BEGIN Task material

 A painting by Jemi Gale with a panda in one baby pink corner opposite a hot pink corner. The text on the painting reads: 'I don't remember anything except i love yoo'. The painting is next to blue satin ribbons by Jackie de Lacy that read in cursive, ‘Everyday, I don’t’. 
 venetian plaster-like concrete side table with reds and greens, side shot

END Task material
BEGIN Task material

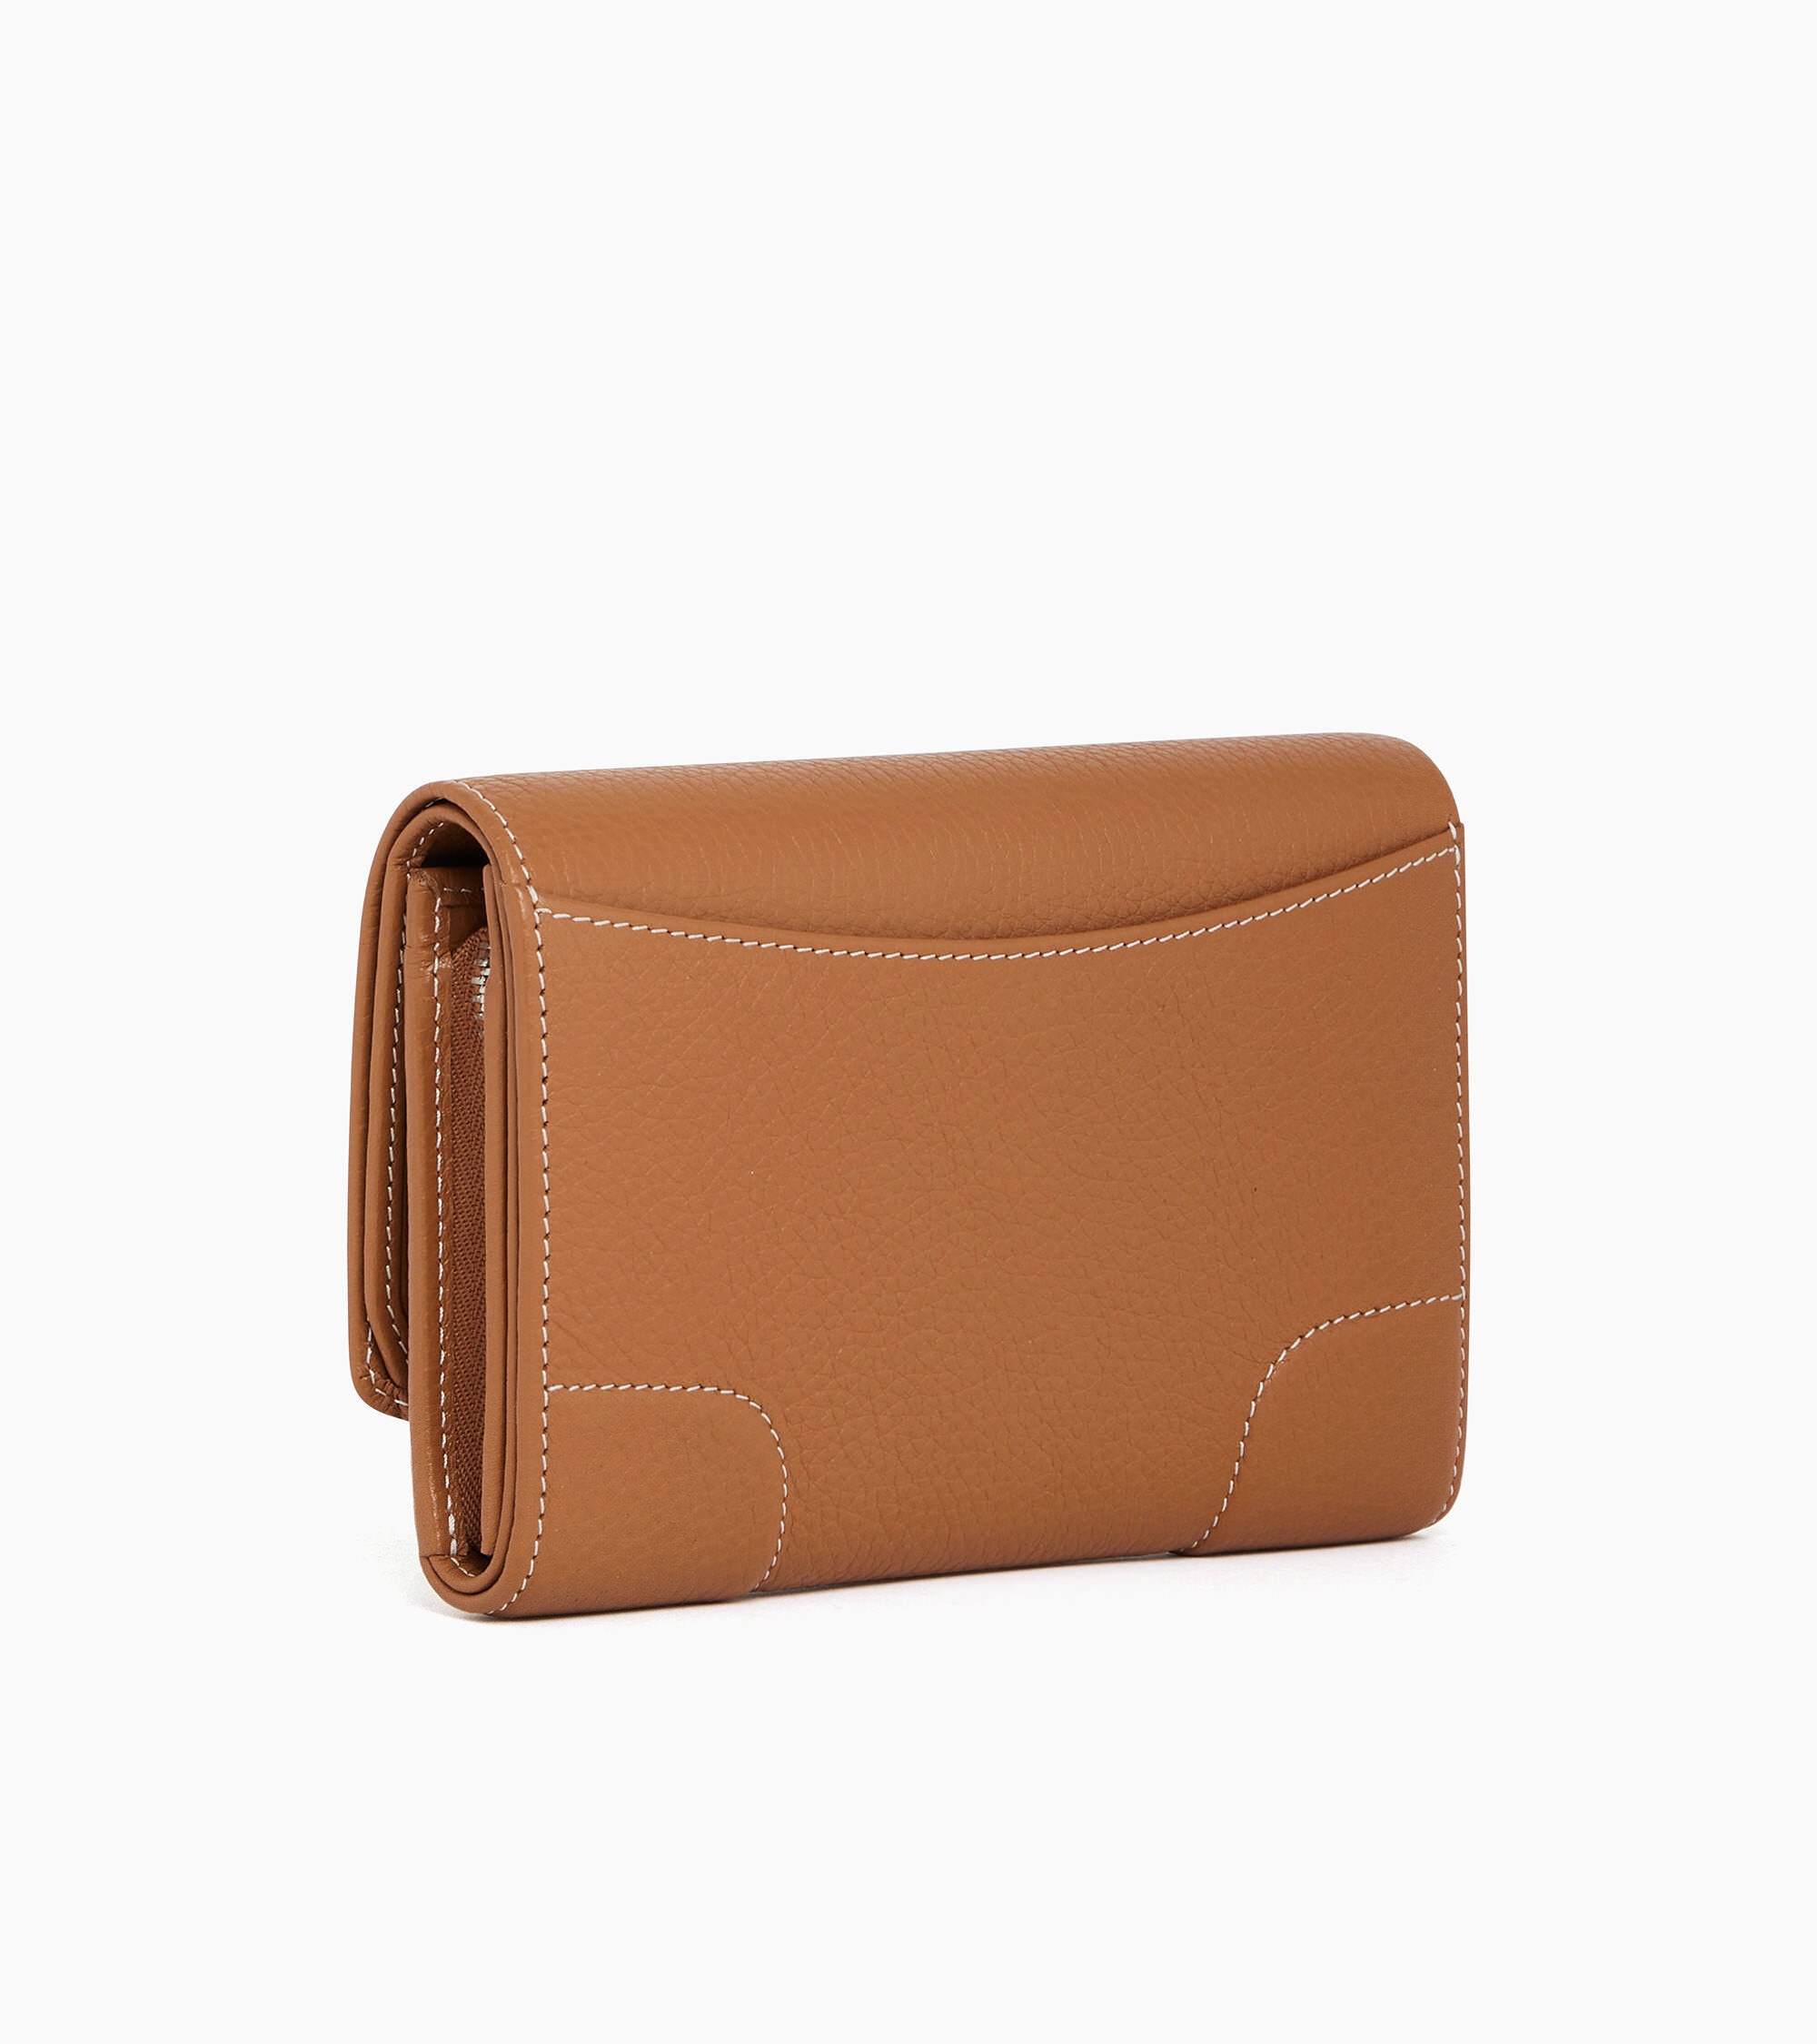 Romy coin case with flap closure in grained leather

END Task material

Starting at the line that has "A painting by" in the records above, restate word for word every line until the one that has "venetian plaster-like concrete", and include that one as well.

 A painting by Jemi Gale with a panda in one baby pink corner opposite a hot pink corner. The text on the painting reads: 'I don't remember anything except i love yoo'. The painting is next to blue satin ribbons by Jackie de Lacy that read in cursive, ‘Everyday, I don’t’. 
 venetian plaster-like concrete side table with reds and greens, side shot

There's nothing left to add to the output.